Truth is intruding, not that the pump monkeys seem to care.
The S&P Case/Schiller Home Index shows that home prices fell
4.5% in the third quarter of this year on a national basis. This is the largest decline in home prices in the history of the index, and the first meaningful sequential set of declines since the Depression.ICSC Chain Store Sales came in
down 0.1% for last week. Yes, you read that right -
chain store sales actually declined in the week that included "Black Friday." While Thursday had stores closed for the holiday (and these numbers are not adjusted for that)
this is a horrible print for what is supposed to be the busiest three shopping days of the year.Redbook came in +0.4%, again, for a week including "Black Friday". Expected was 0.3%. Yuck.
"ShopperTrak" claimed huge growth in sales Saturday. Yeah, right. Sorry, counting feet is stupid when it comes to retail - you have to count
shopping bags and what is in them!
ICSC says that Santa is bringing coal this Grinchmas and my Wall Street Journal is safe from human consumption.
Citibank gets roughly $8 billion in an equity infusion from the Arabs.
But it is a convertible preferred offering, although they structured it in a way to not say that (calling it a sale of "unit investment trusts" instead) and was made at a Guido-style interest rate of 11%. While there are allegedly anti-hedging provisions in the deal, anyone who actually believes that the folks over in Dubai don't have an affiliate that they can hedge through has rocks in their head. Some or all of that risk will almost certainly be hedged off immediately, and that coupon is insanely lucrative - for Dubai. Oh, if you just want to look at this as a discounted stock purchase (that is, roll the coupon into the stock price) it marks Citibank's stock in the low to mid $20s. That's nice if you're a current shareholder, no?
When you have to pay a higher interest rate than some of us have available on our credit cards, something serious is going on in your company and it ain't good!Consumer confidence came in down at 87.3, which is SEVERELY DOWN AGAINST CONSENSUS of 91.0, and drastically down from the previous survey. Expectations came in at 68.7! There's nothing good in these numbers!
CNBC of course tried to put a nice spin on it,
but let's be real here - a 68.7 reading on expectations SUCKS!What sucks
WORSE is the inflation
EXPECTATION number. Leading expectations for inflation came in at 5.7%, up from last month's 5.1%.
Remember, Ben's fear is that inflation EXPECTATIONS get out of control and start to affect consumer (and wage-earner) behavior. While I think he's totally full of **** in focusing on what people
THINK instead of the truth (thinking follows truth, ya know)
an expectation of nearly 6% inflation on a 12 month leading basis, up sharply month-over-month, has to be making what little hair Ben has stand straight up! That number is nearly
THREE TIMES the Fed's target!
Oh, and for the people who thought OFHEO would "ride to the rescue" and allow Fannie and Freddie to buy jumbos over $417k, nope. Today the announcement showed up that OFHEO is leaving the conforming limit at $417k for 2008. To which I say -
DUH! House prices are coming
DOWN, not going up - if anything the conforming limit should FALL, not rise.

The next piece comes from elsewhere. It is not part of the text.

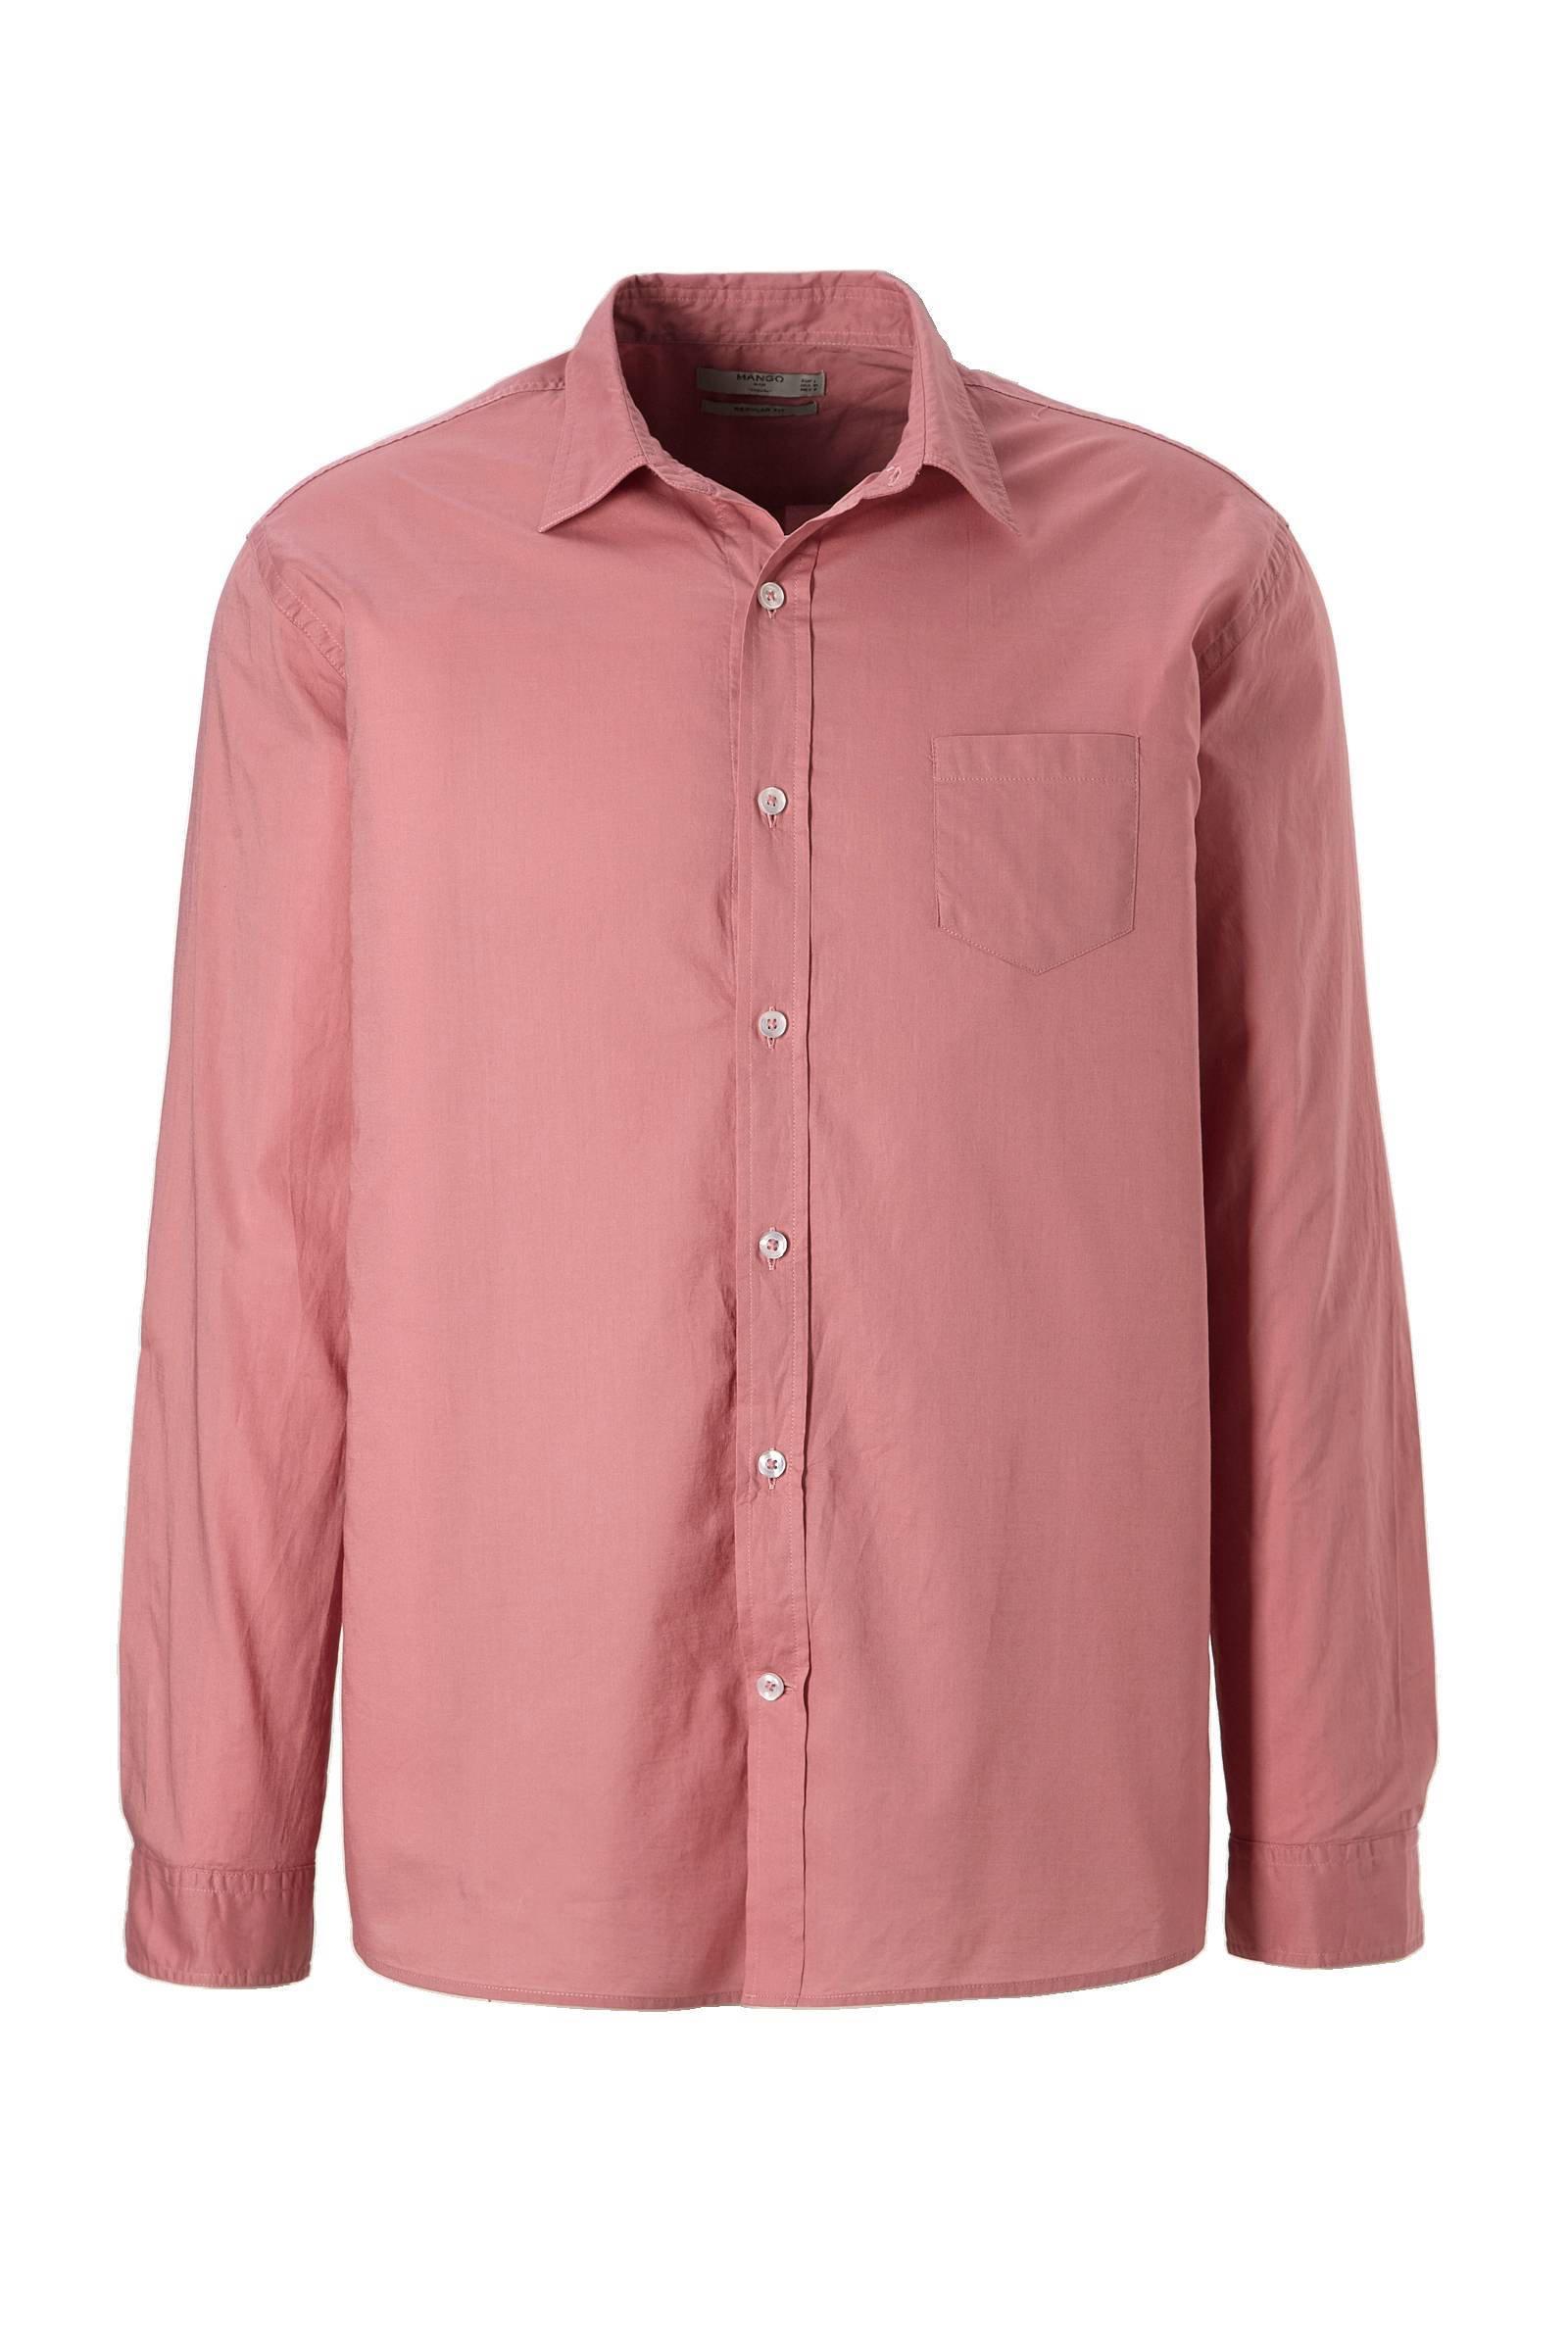 Roze Heren Overhemd.Mango Man Regular Fit Overhemd Roze Wehkamp

Never mind the following Fed numbers from this morning:
Nov Richmond Fed Manufacturing Index: 0. Previous: -5.
Nov Dallas Fed Mfg Production Index:
-3.5%. Previous:
10.6. Chicago Fed Midwest Mfg Index: -0.6%. Previous: -0.1%.

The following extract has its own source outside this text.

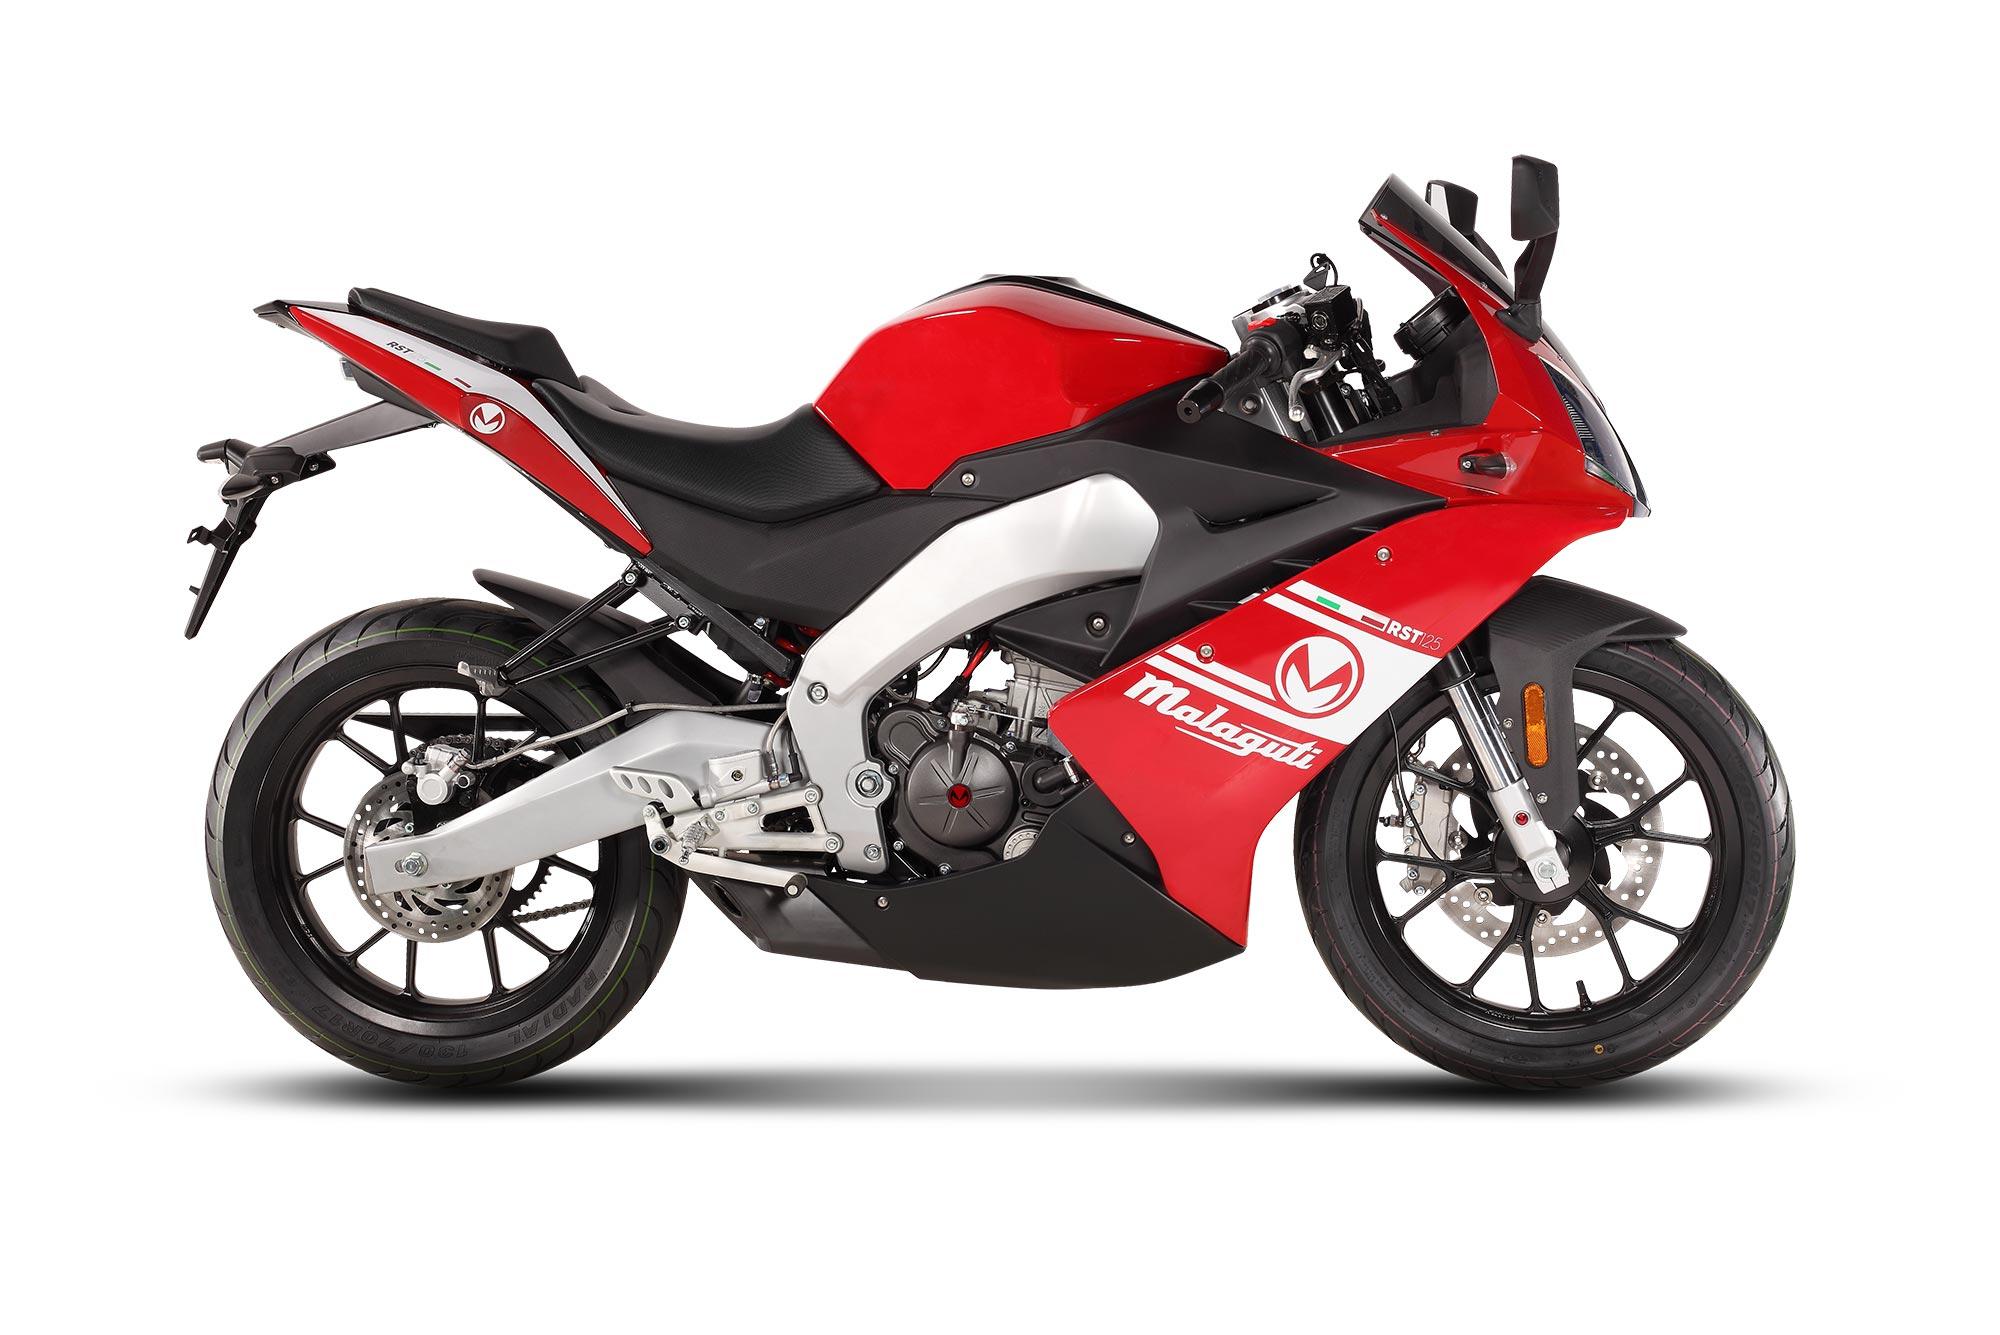 125 malaguti rst 125 m  s que motos tenerife 125cc motorcycle malaguti rst 125 m  s que motos tenerife

-3.5%, 0 and -0.6% eh? Hmmmm..... those are expansionary numbers, right? (This is a short-bus rider question, if you can't tell)
The equity markets
continue to trade as if this is going to be "no big deal."
Equity investors are wrong, and will be proven once again to be the retards of the investing world.
If I had a dollar for every claim of "this time its different" I wouldn't be writing Tickers; I'd own
Tattoosh and would be sitting on it with my dive gear somewhere in the South Pacific, with a gaggle of 20-something models (in their birthday suits, of course) bringing me drinks!
Guys, these are recession prints. We're down 10% from the highs, and the recession
average losses in equity indices are 30%.
AVERAGE.
But this recession will be far worse than an "average" one, simply because we have overextended the credit side by far more than is average.
As this unwinds - and it
WILL unwind - the damage will multiply and snowball.